EXERCISE PROMPT =
Print the whole listing below exactly as given, pictures excluded.

SOURCE DATA =
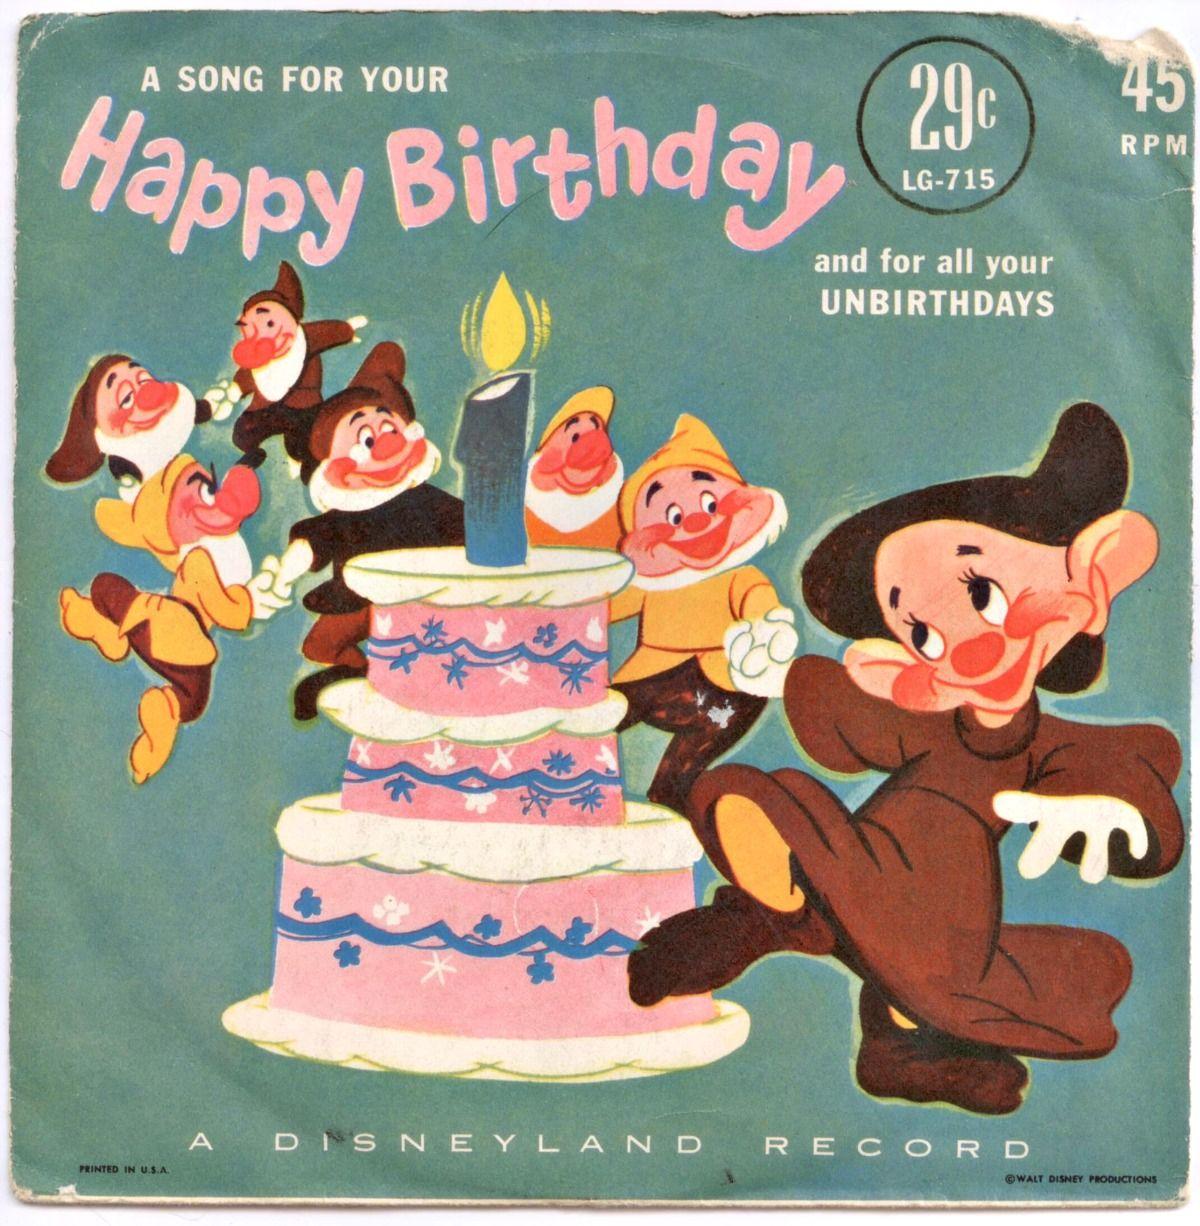 "Happy Birthday, A Disneyland Record 7"" Disney Records"
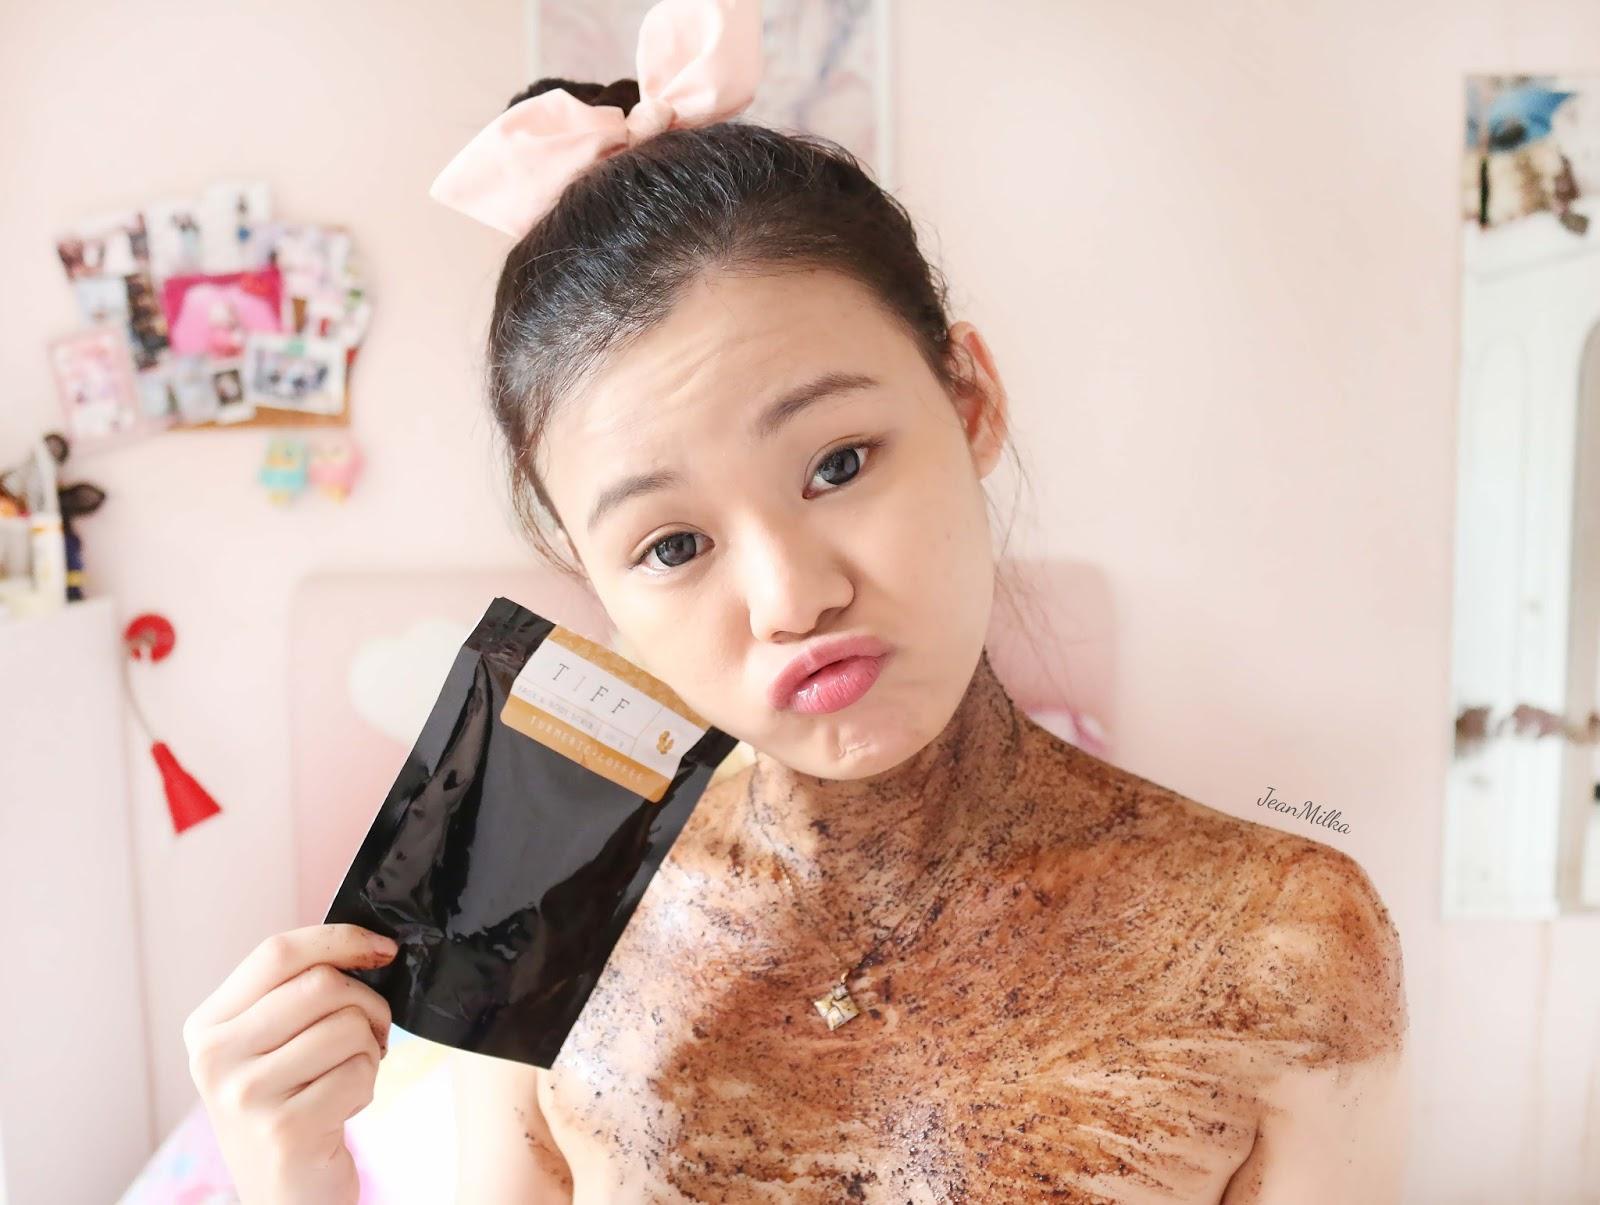 natural skincare, jerawat, acne, solusi jerawat, acne skincare, tiff body, homemade skincare, skicnare natural, coffee scrub, scrub
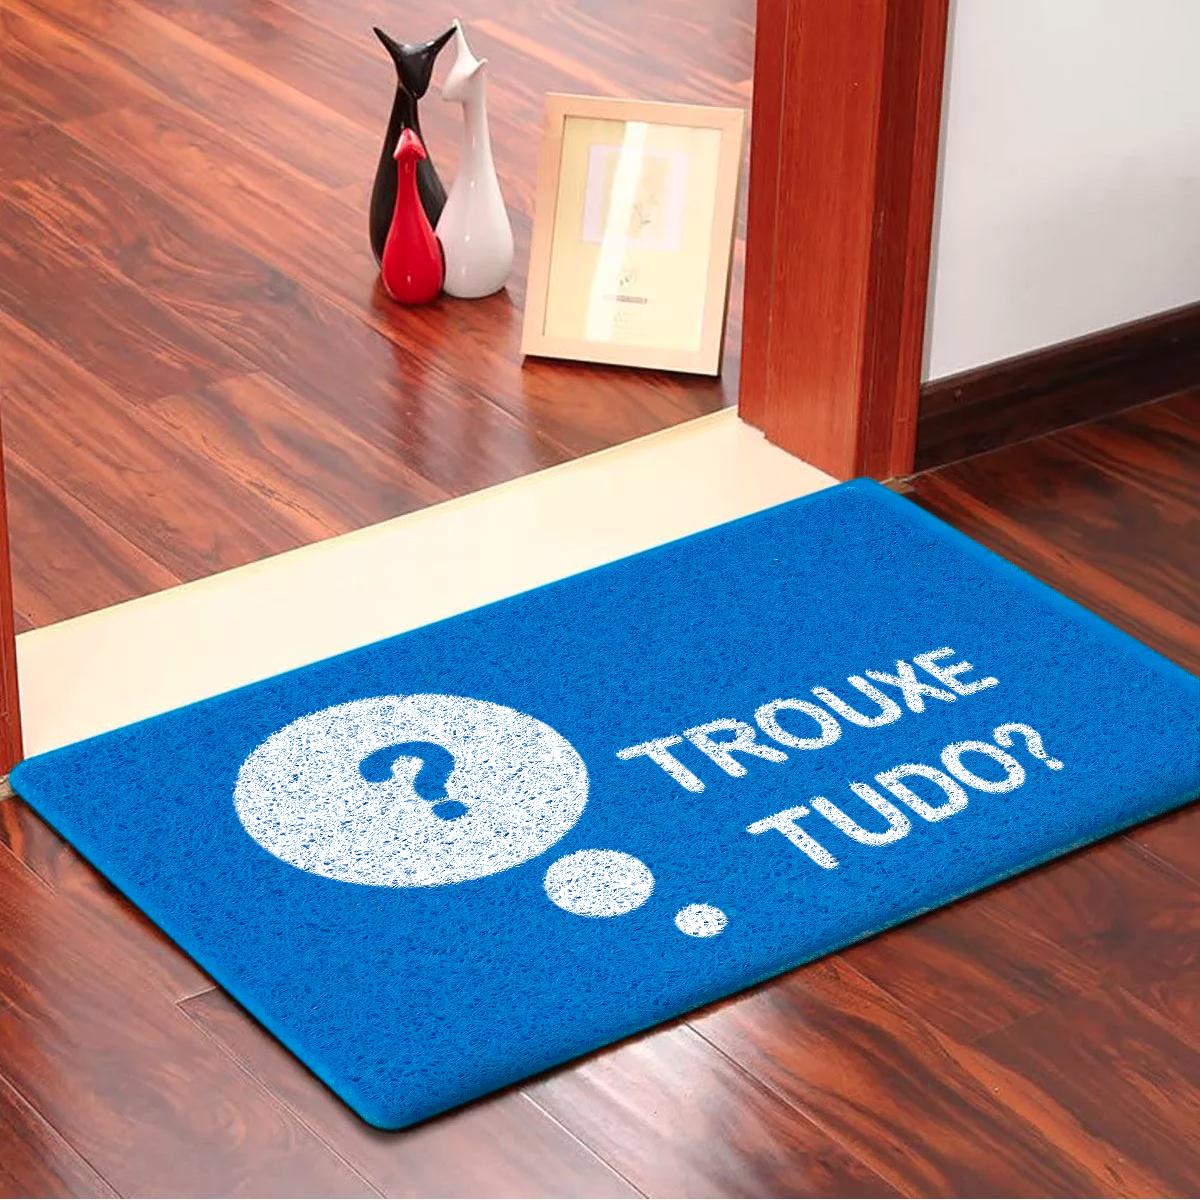 Capacho Trouxe Tudo? Emborrachado Azul - 60 cm x 40 cm - Carpet Black

SOLUTION FOR THIS EXERCISE =
 "Happy Birthday, A Disneyland Record 7"" Disney Records"
 natural skincare, jerawat, acne, solusi jerawat, acne skincare, tiff body, homemade skincare, skicnare natural, coffee scrub, scrub
 Capacho Trouxe Tudo? Emborrachado Azul - 60 cm x 40 cm - Carpet Black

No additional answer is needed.